Some festivals can be considered a variant of the same because it seems to be directed at the same thing in different cultures; for example, the day of the dead that is popular in the Latino community seems to correspond to Halloween in the western world and quite similar to masquerades of Africans. The Anglo-world or societies associated with Western Christianity somehow dominates the world in what they hold as some divine order to determine time; create the calendar, and determine the center of the world to use as a reference point for other things.

So dominant are western thoughts that they virtually got the world to adopt their New Year date, and celebrate with them their religious festival of Christmas and New Year. Other ones like Halloween, St Patrick’s Day, Valentine’s Day, Mother’s Day, and Father’s day have also become and gained worldwide acceptance, just that the way each of them is celebrated is different. Quite clearly, the religious festivals are the most intensely celebrated and most attended.

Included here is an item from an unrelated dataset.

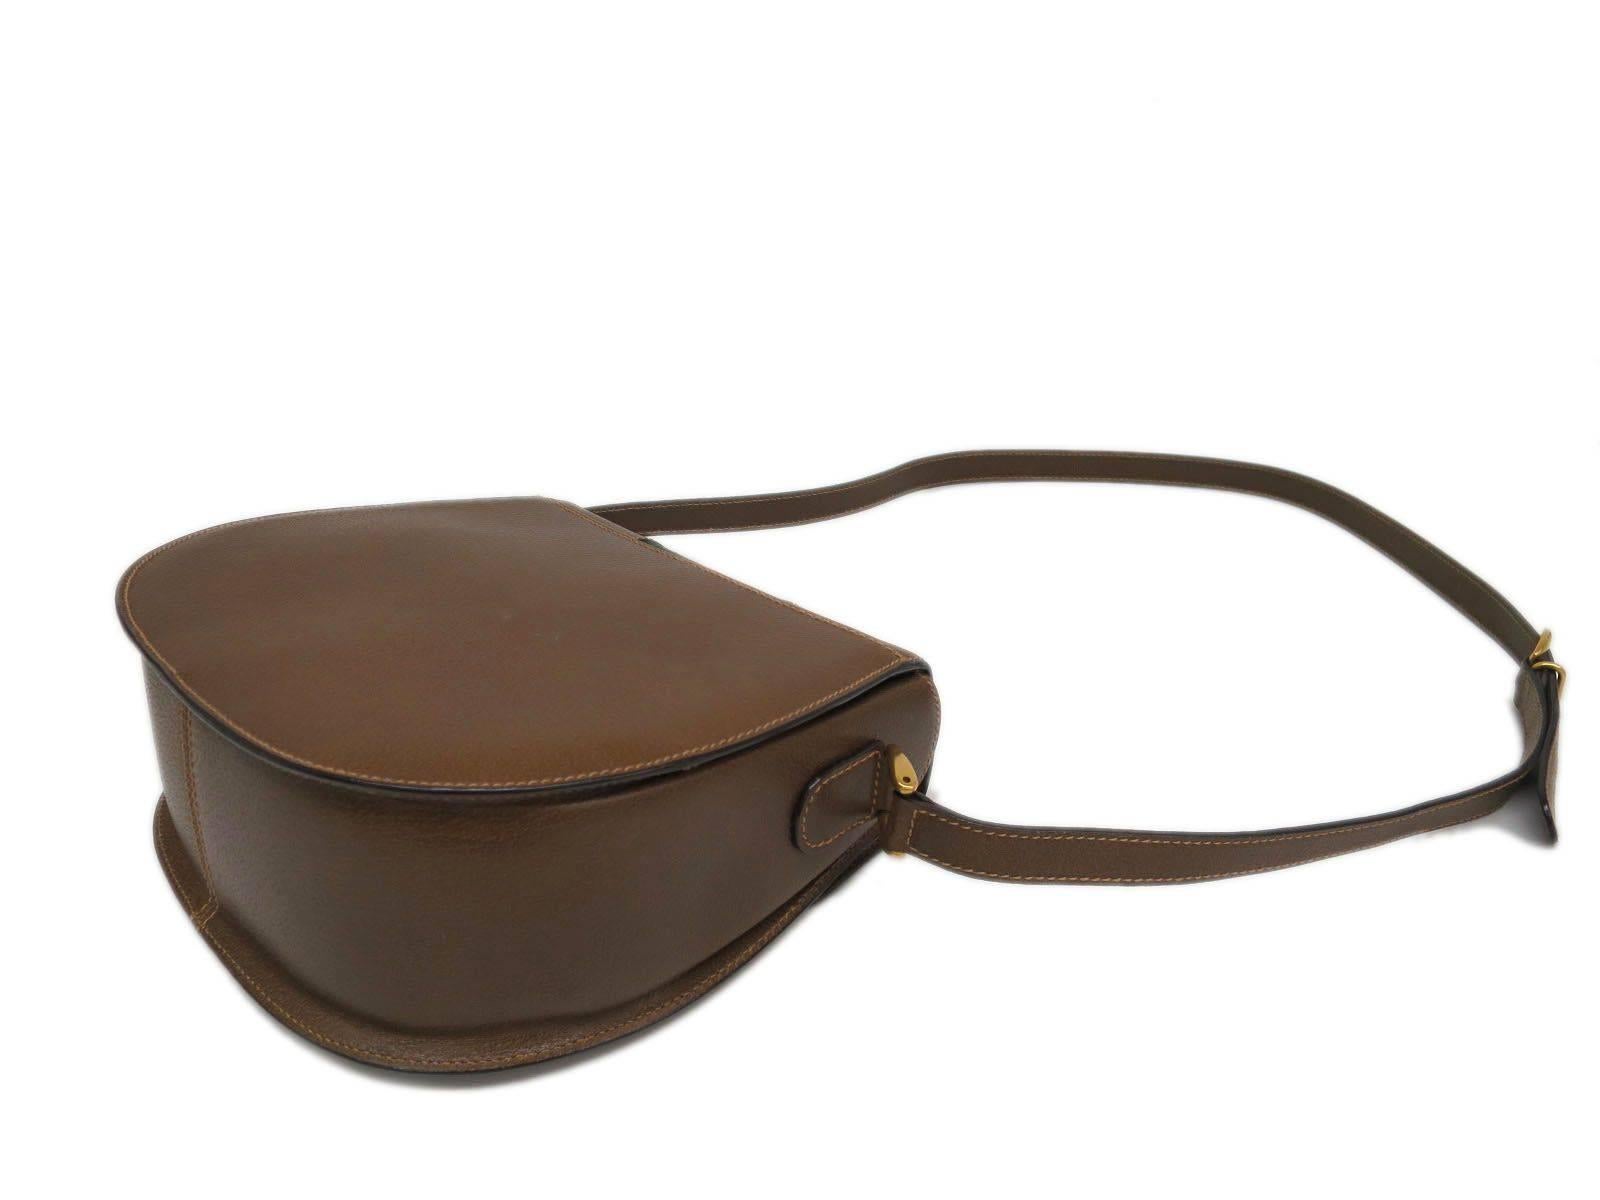 gucci vintage leather shoulder bag

A new kind of festival is brewing worldwide, which is commercial; it began as business or product shows, but it is being backed up with adverts and commercial thoughts in a manner that they are becoming a source of societal income. Be it a farm show, Car show, music show, or fashion show, when the society accepts it, a large gathering ensues, which could become a yearly event. Once a show becomes yearly and massively attended with economic benefit to everyone, it is possible to sustain it, but nothing stands like the religious festivals because it seeks to re-enact an event in history that is divinely orchestrated.